- [WHAT IS EXPECTED] Retype all entries exactly as they stand, excluding pictures.

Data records
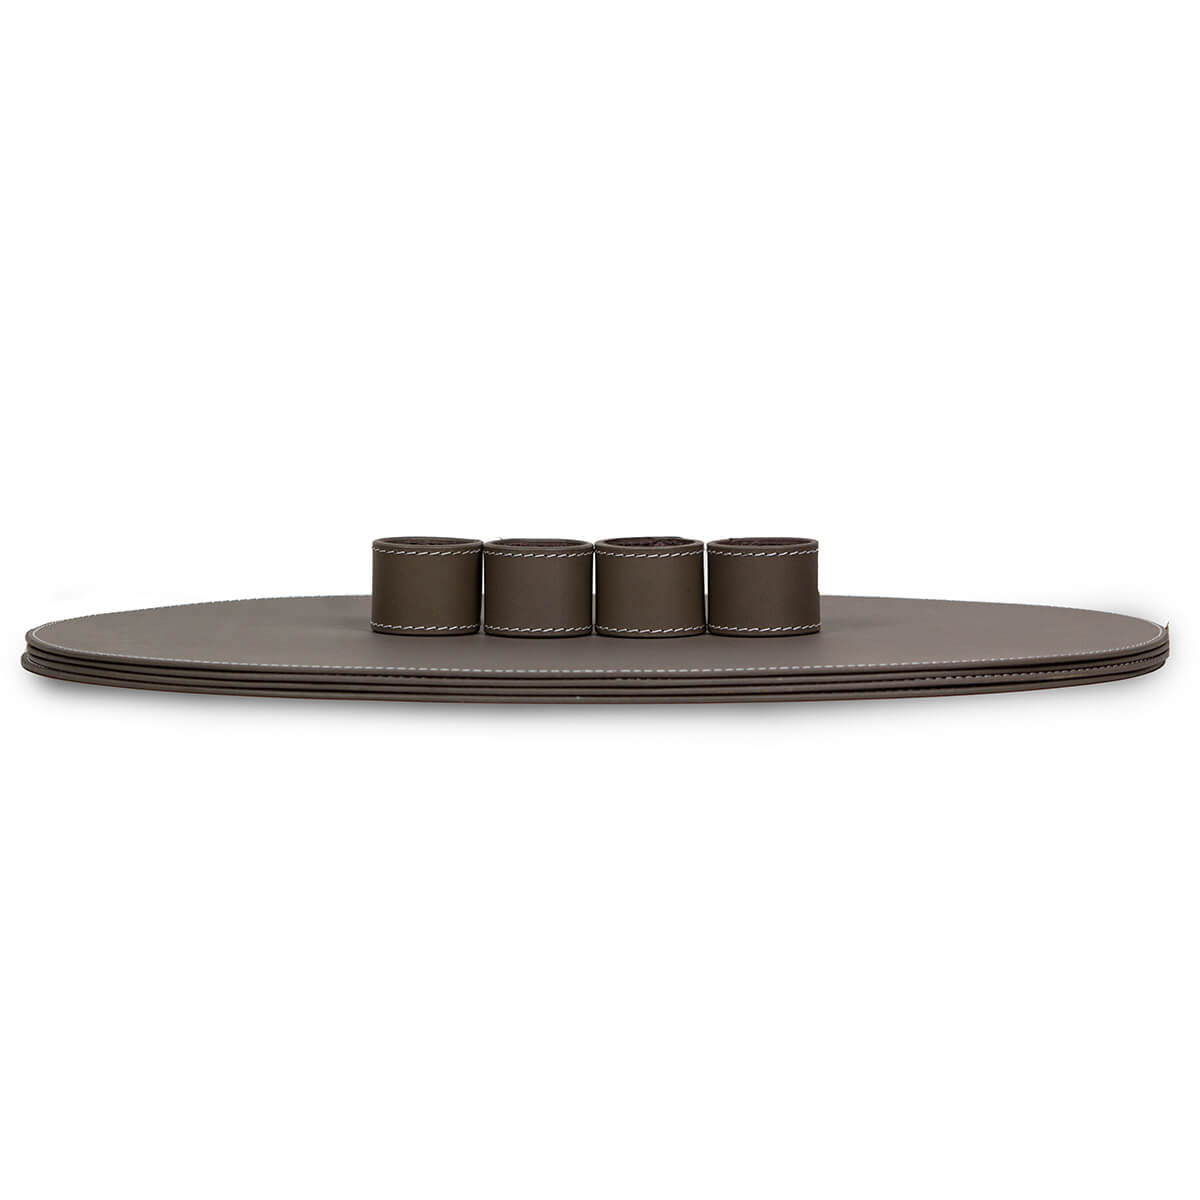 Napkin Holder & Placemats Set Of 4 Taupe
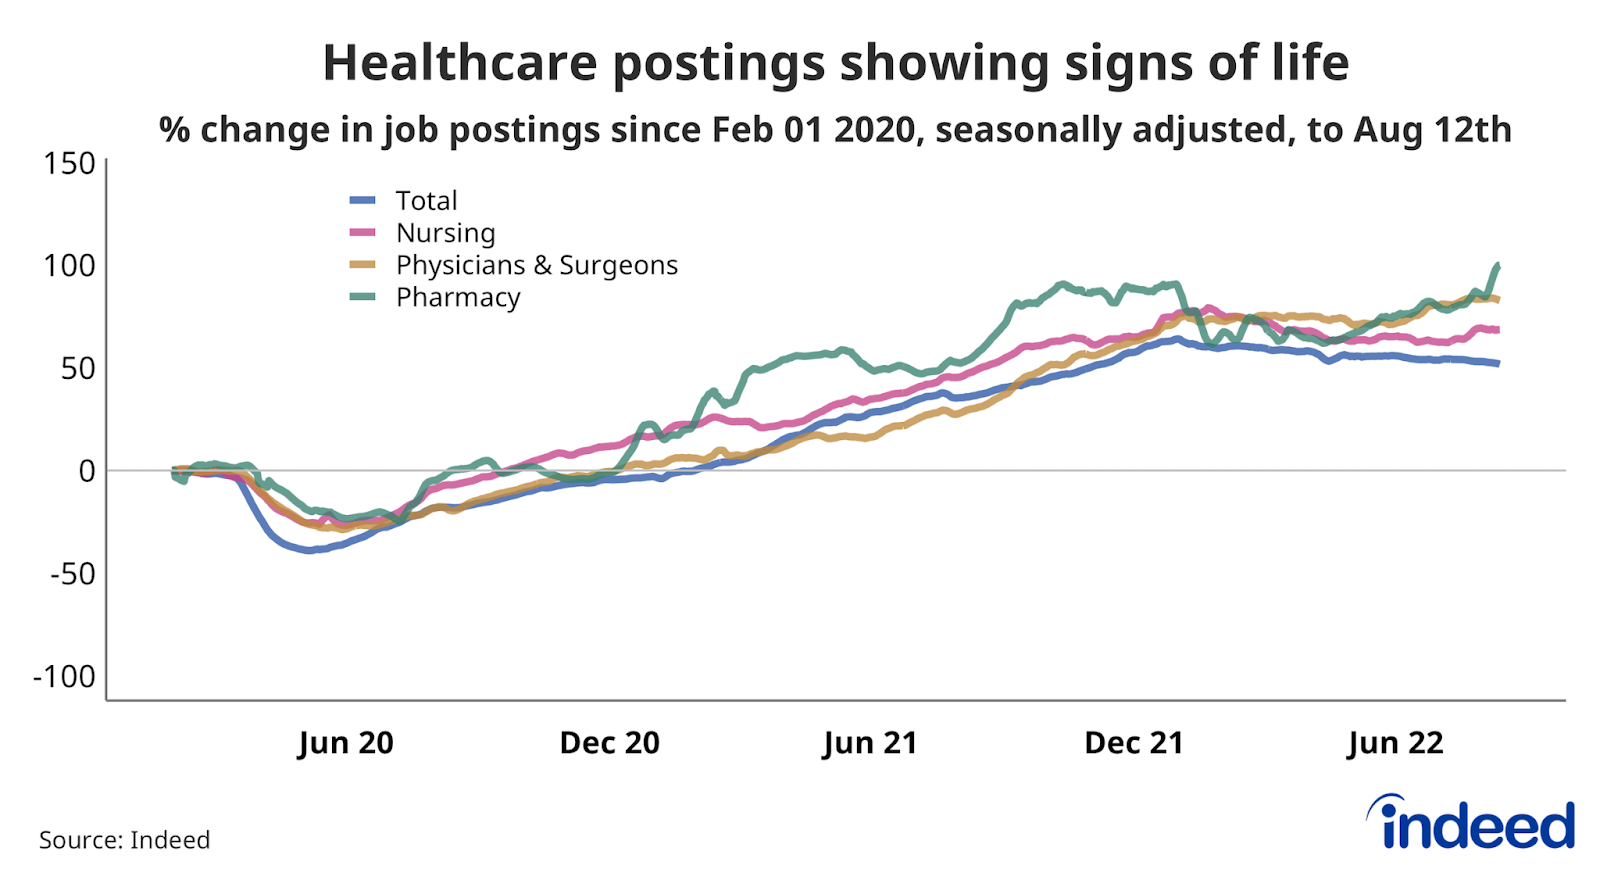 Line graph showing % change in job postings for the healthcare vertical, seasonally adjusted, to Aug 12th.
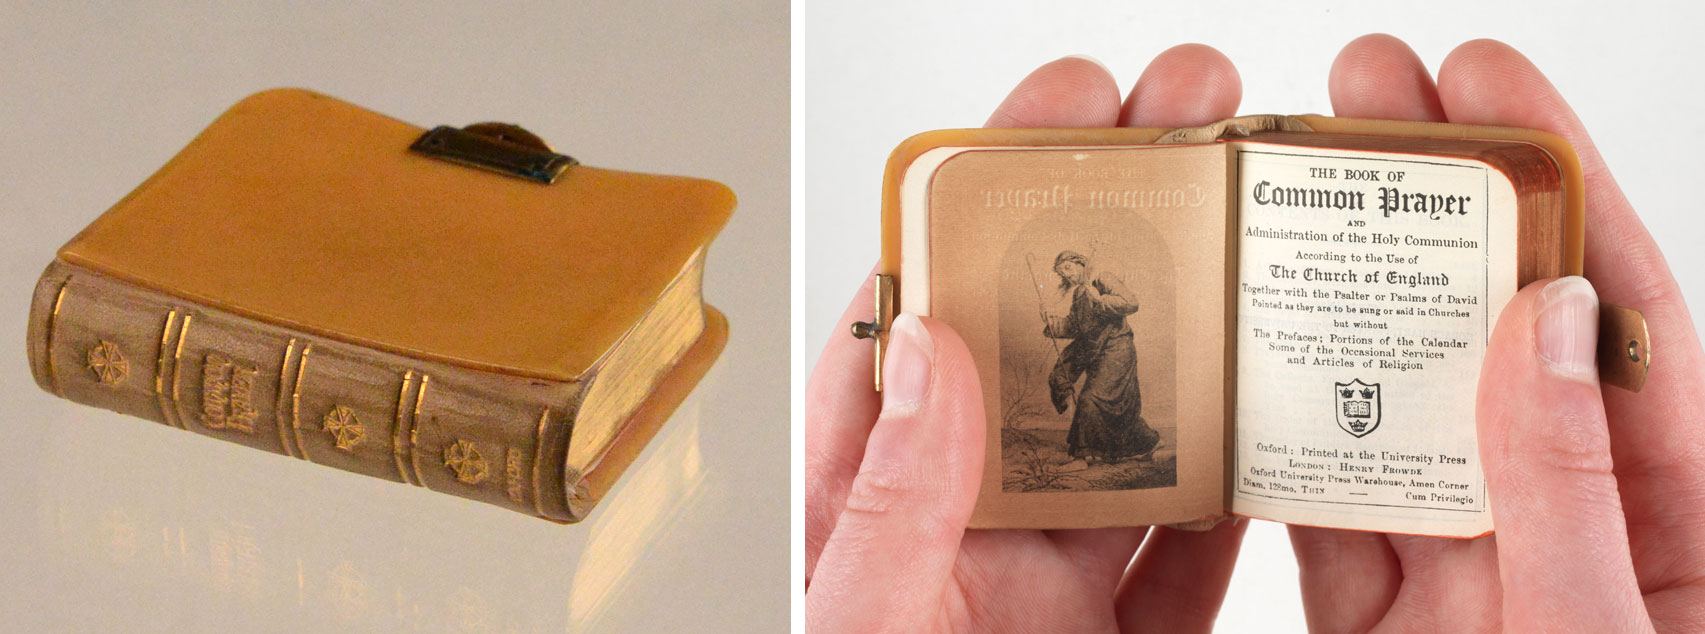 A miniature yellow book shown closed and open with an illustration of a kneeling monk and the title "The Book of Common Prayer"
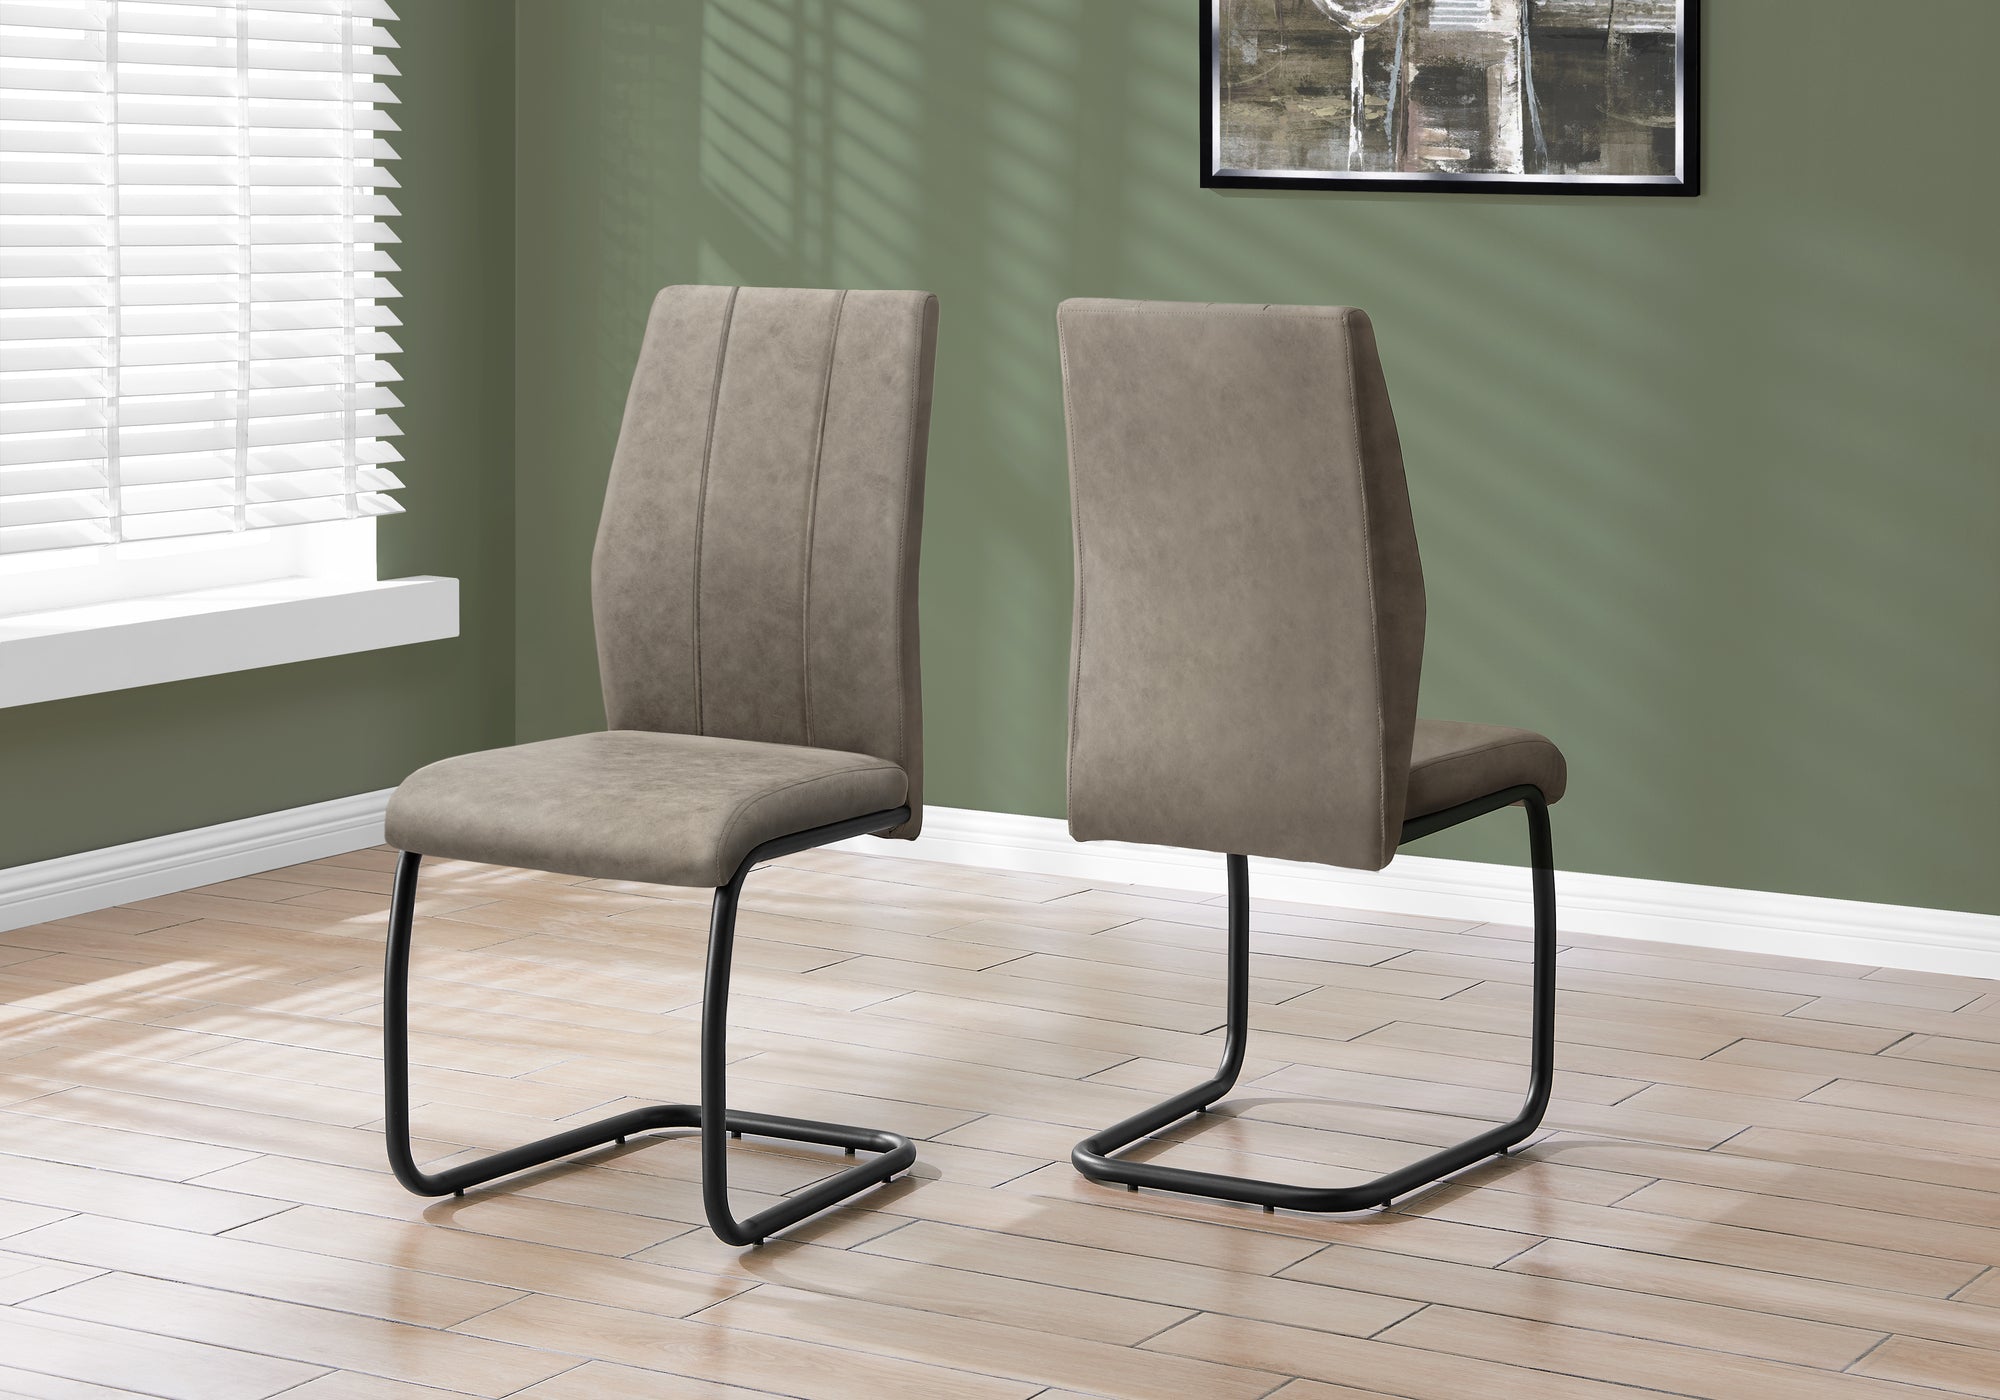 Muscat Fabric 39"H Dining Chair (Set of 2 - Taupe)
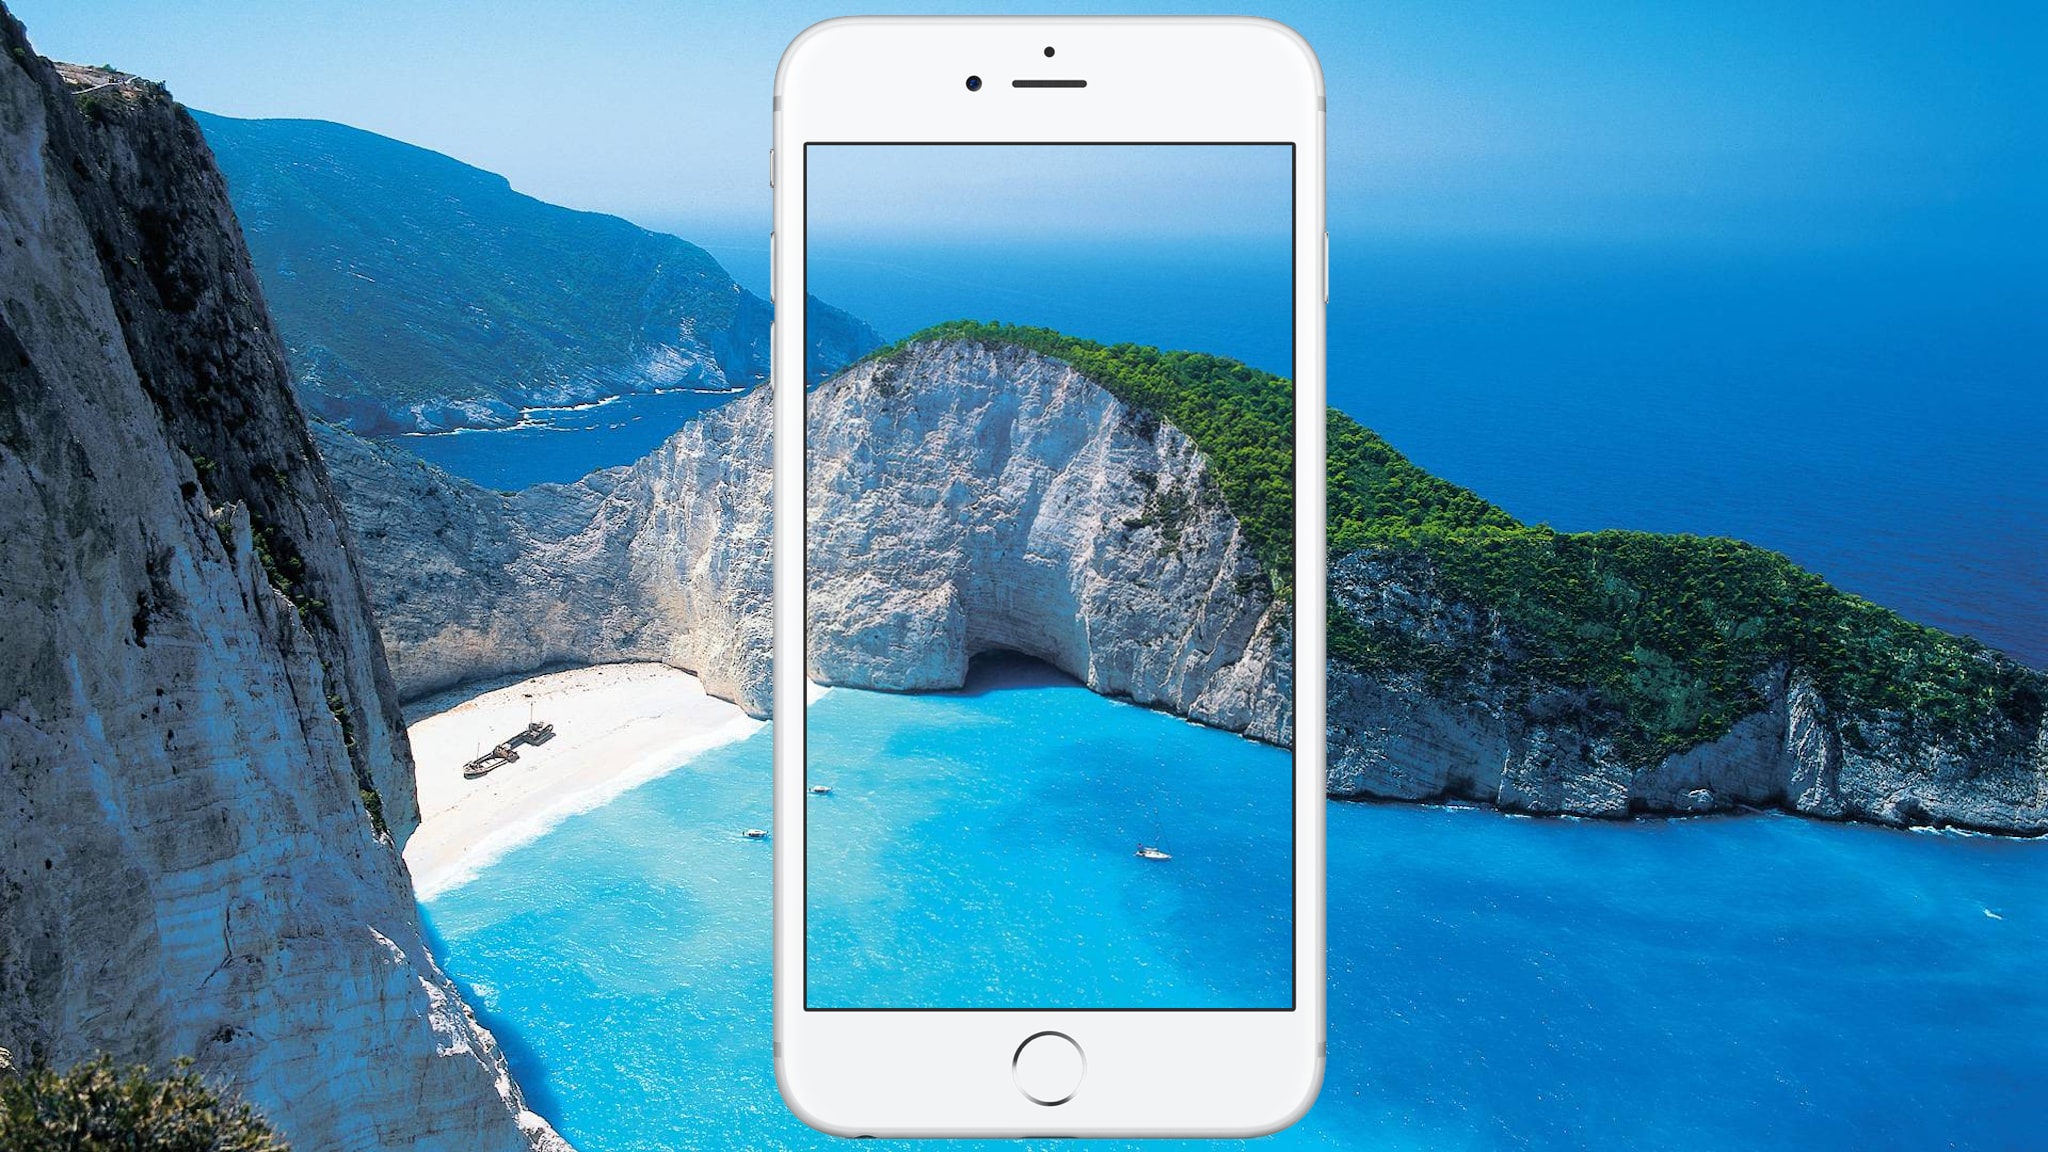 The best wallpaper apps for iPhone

- [RESPONSE TO THE TASK]
 Napkin Holder & Placemats Set Of 4 Taupe
 Line graph showing % change in job postings for the healthcare vertical, seasonally adjusted, to Aug 12th.
 A miniature yellow book shown closed and open with an illustration of a kneeling monk and the title "The Book of Common Prayer"
 Muscat Fabric 39"H Dining Chair (Set of 2 - Taupe)
 The best wallpaper apps for iPhone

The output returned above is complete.